■ **DIRECTIONS FOR THIS TASK**
In the listing that follows, the range to quote begins at the line that has "Ahlem® Square Eyeglasses: PONT" and ends after the line that has "Soel District Lofts"; quote it verbatim and add nothing.

■ **DATA**

****************

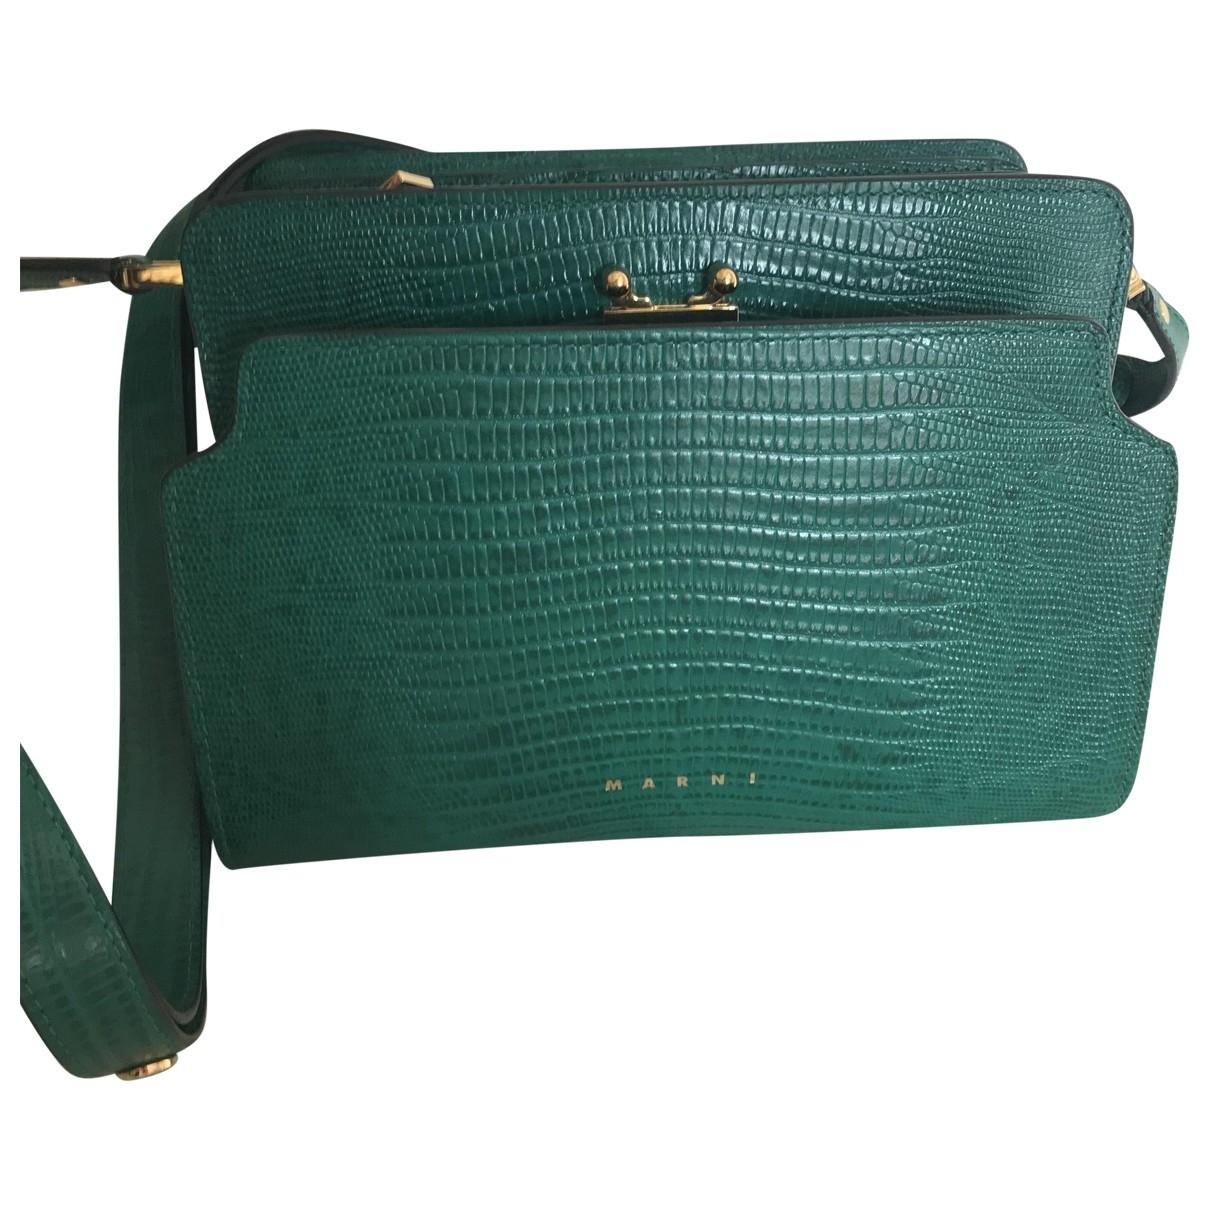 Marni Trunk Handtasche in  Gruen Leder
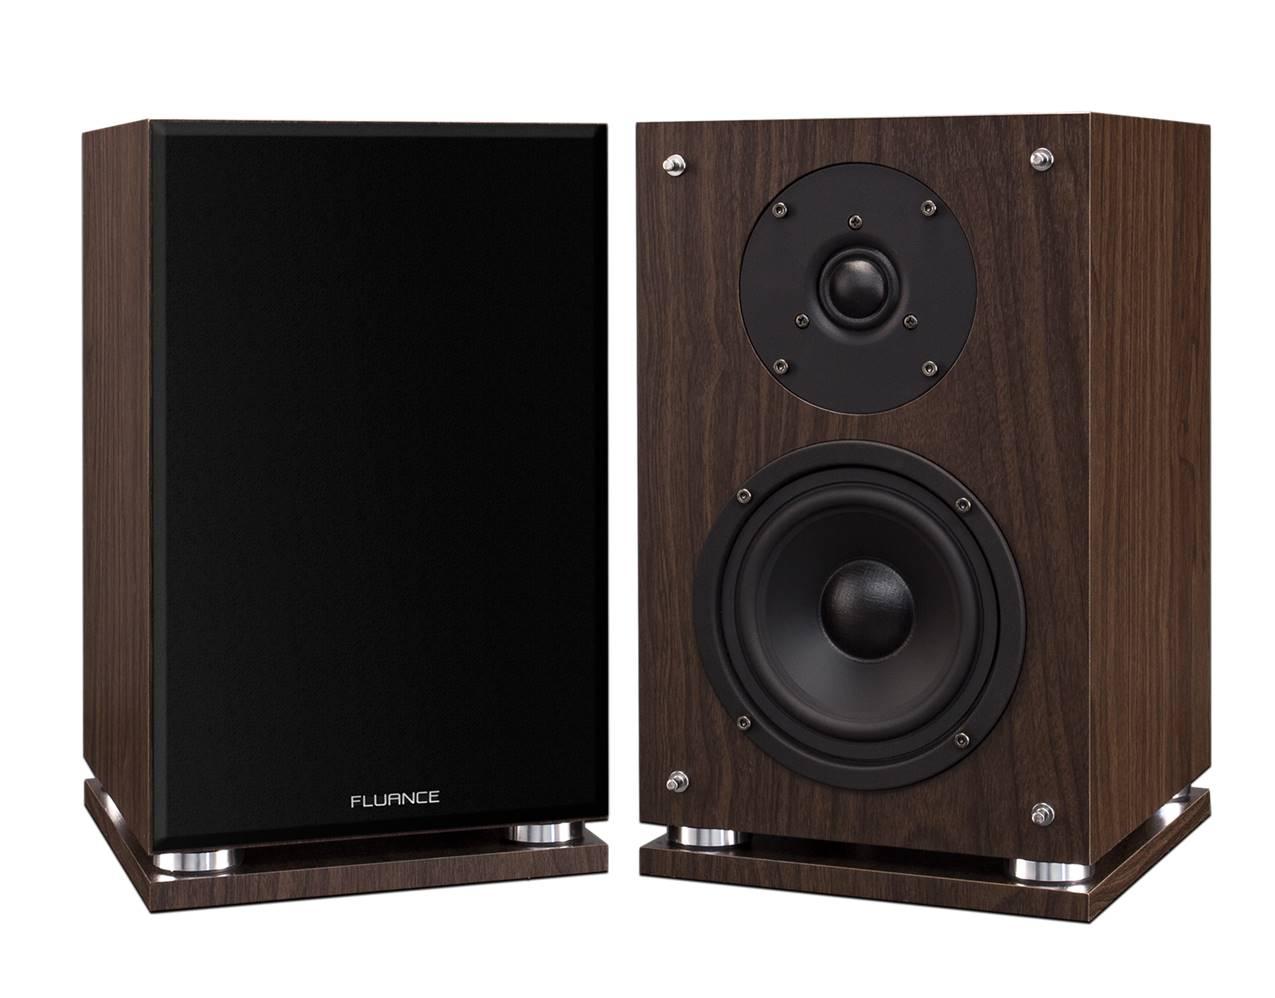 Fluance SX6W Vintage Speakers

****************

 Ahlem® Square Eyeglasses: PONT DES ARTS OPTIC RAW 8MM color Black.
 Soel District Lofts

****************

■ **SOLVED EXERCISE**
 Ahlem® Square Eyeglasses: PONT DES ARTS OPTIC RAW 8MM color Black.
 Soel District Lofts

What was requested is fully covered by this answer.